*Required work*. There is material below. Print exactly the lines starting at the line with "Winning Chess Strategy" and ending at the line with "Magnetic Closure Silver", ends included, and no others.

*Recorded information*.
■ ■ ■ ■
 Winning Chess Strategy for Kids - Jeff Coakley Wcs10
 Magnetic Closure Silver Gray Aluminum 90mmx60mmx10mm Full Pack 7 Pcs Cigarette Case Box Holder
■ ■ ■ ■
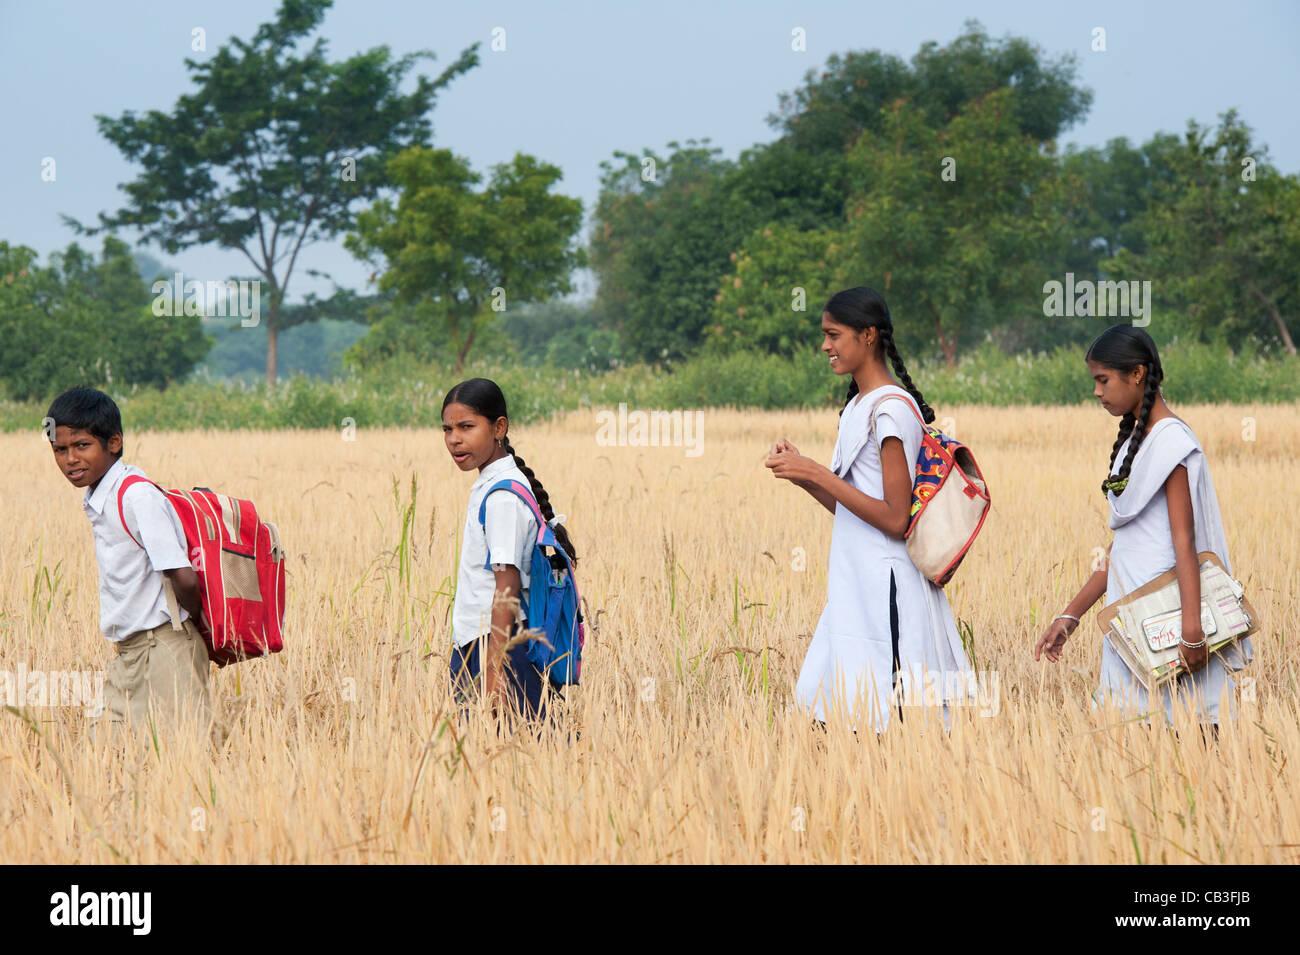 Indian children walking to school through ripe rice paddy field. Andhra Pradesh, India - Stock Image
■ ■ ■ ■
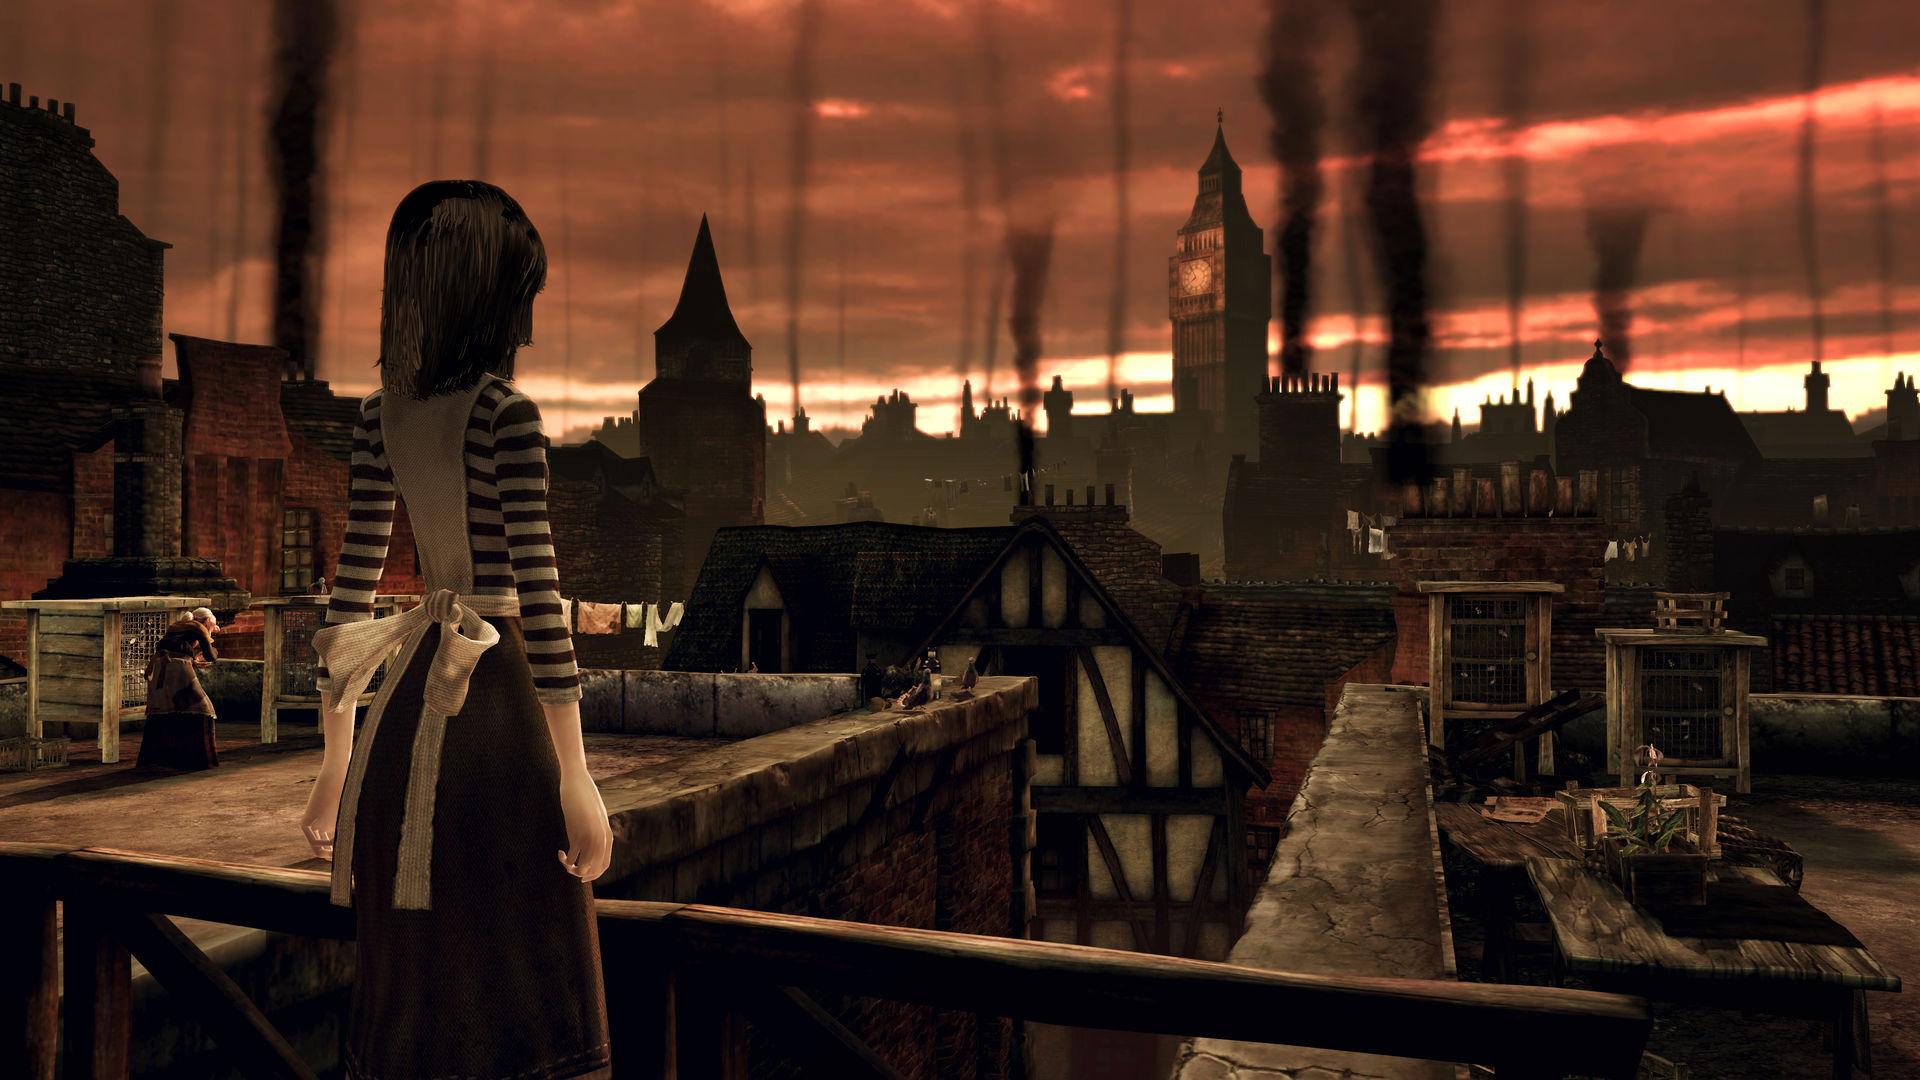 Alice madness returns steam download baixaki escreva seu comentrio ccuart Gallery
■ ■ ■ ■
*Solution to the problem*.
 Winning Chess Strategy for Kids - Jeff Coakley Wcs10
 Magnetic Closure Silver Gray Aluminum 90mmx60mmx10mm Full Pack 7 Pcs Cigarette Case Box Holder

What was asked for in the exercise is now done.